Sarah Ann

     James Nicholas Keenan was the principal person in our Keenan lineage to be engaged in the Civil War, and his premature death was to profoundly effect the generations that followed.  Because of his letters that were preserved and passed down, many of his descendants, even those not directly bearing the consequences of his fate, have been deeply moved  by the sentiments that he expressed  – the tenacious struggle to better his lot in life, the  bright intellect, curious and engaged in what he saw about him, and the  profound love he expressed for his wife and children and for the home he left behind in Brooklyn.

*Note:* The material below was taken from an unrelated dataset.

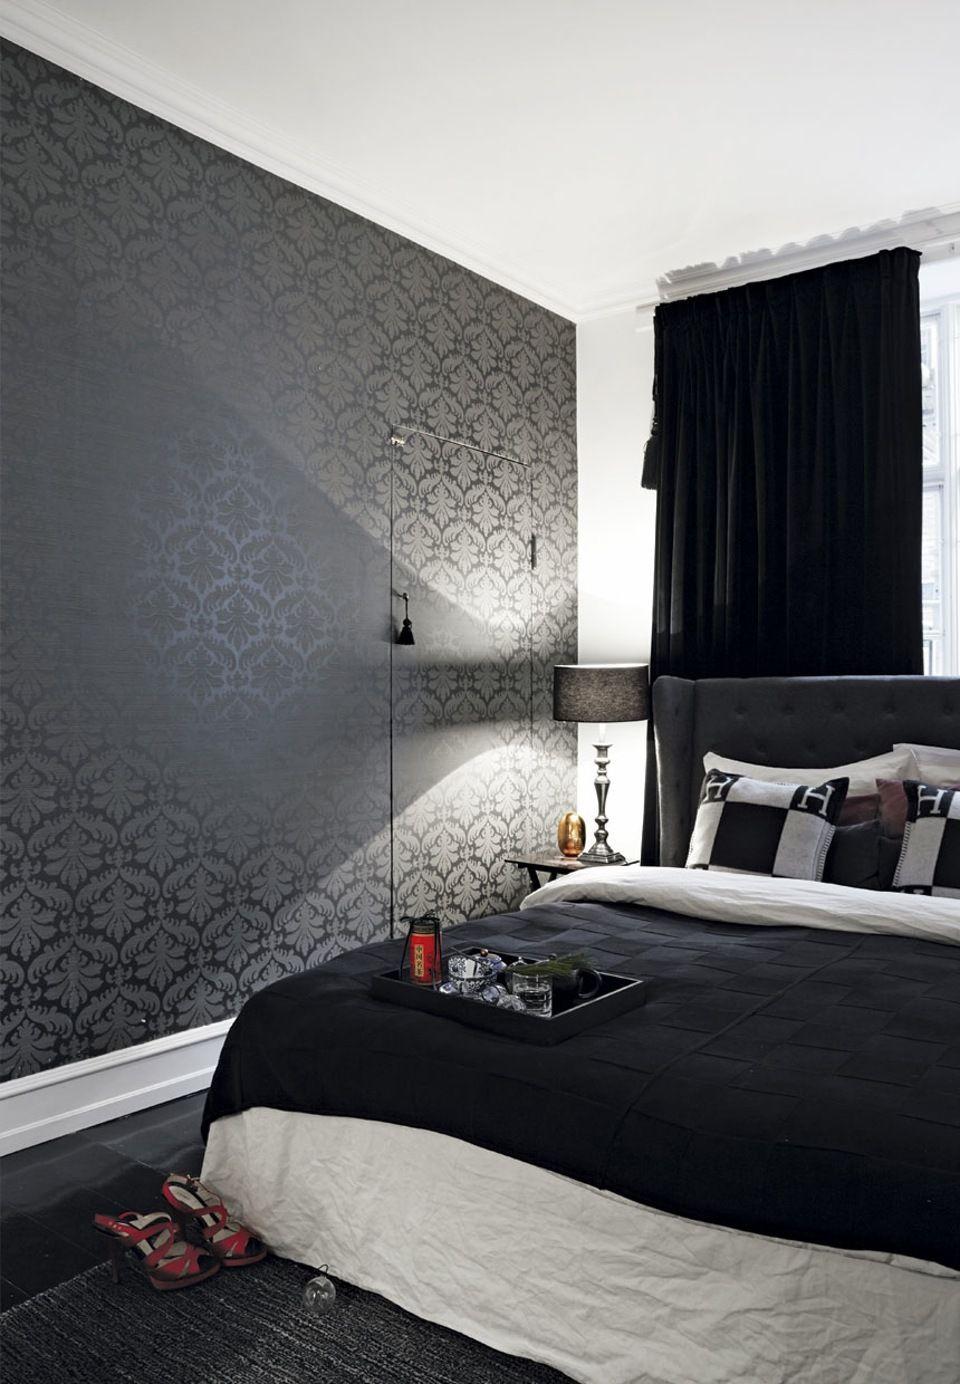 Modern bedroom with a Hstens bed elegant
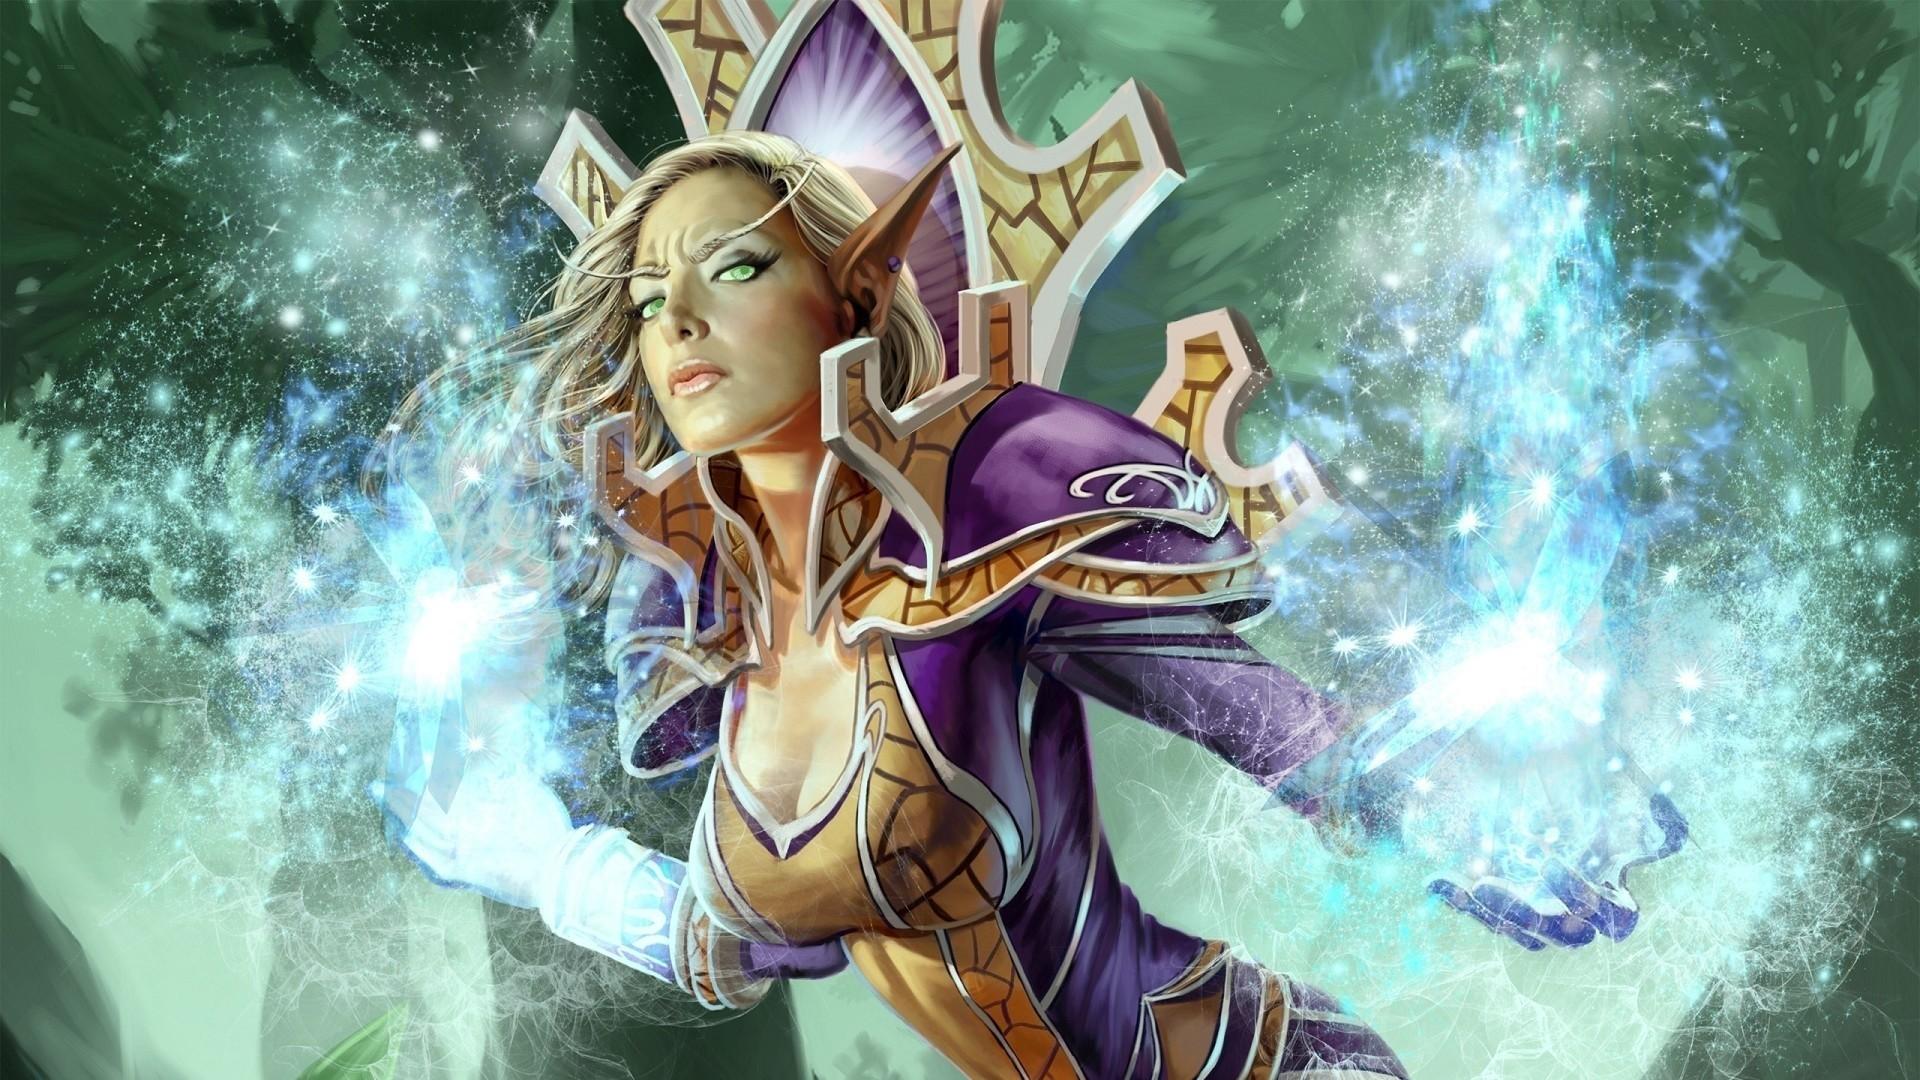 Latest World of Warcraft Wallpaper

     Here is a letter written by James F. Cook, the grandson of  Mary T. (Keenan) Smith, James Nicholas’s first born, to his great-uncle John F. Keenan. It is dated February 21, 1933, sixty-nine years , almost to the day, of the death of James Nicholas Keenan.  

2/21/33

Dear Uncle John,

      When you read those letters the other day, you opened a new vista of history to me. A new and beautiful family history, not of deeds but of thoughts. I know that letters are personal – very personal and were originally written to source one particular party. So were John Keats letters but their beauty was too sublime to remain buried.

     The few letters that you read to me are great, are big and above all are beautiful. I don’t know how to express myself but can only repeat Oliver Twists’s request, “I want more”.

     I originally wanted a brief sketch of our family. I originally wanted to dig for silver – I found gold. I discovered a great man in your father. One who I can appreciate.

     I suppose I too will live and die- prosaic, but the mere thought of having a predecessor, who felt the same as I do, is encouraging. Thomas Gray’s famous lines are now more than ever true, “Full many a flower hath been born to blush unseen and waste its fragrance upon desert air.”

     I envy you your treasures.

     I would like if possible to have your permission to copy some of those beautiful letters, hoping that someday they may be the structure of a novel, based on our family.

     Sincerely,

               James F. Cook

     But James Keenan was not the only participant in the War Between the States. His younger brother, Matthew T.J., had enlisted in the New York Thirteenth Regiment, Coast Artillery, on May 28th 1861. The regiment had been sent to Washington D.C. in April, mustered in the service of the United States for three months. It spent time in Annapolis, Maryland and Baltimore before being mustered out August 6 , just before James Nicholas enlisted.  In May of the following year it was called again to Washington and ended up in Suffolk, Va, chiefly on picket duty. It was then mustered out in Brooklyn, on Sept. 28, 1862.

Matthew T.J. Keenan

                                             

     There was another member of the family, though, that was very much effected by the Civil War as well. As you will recall Sarah Ann, James Nicholas’s sister, had moved to Boston to live with her grandfather, James McDermott, shortly after her father’s death. There she had become pregnant and married George B. Trumbull, a laborer, seven years her senior, on September 6 of 1859. Their first child, Emma Lizzie, was born March 24, 1860. By then George was working as a clerk, and they were living in Charlestown, Ma. Thereafter the 1862 Boston Street Directory showed them living with George’s mother at 8 Fruit St. in Boston. Emma Lizzie died on August 27 of 1862 when she was only 2 ½ years old. Her death record  lists the cause  as “excema with abcess”. At the time Sarah Ann was already several months pregnant with another child – Elmer Augustus, born the following March 19 of 1863.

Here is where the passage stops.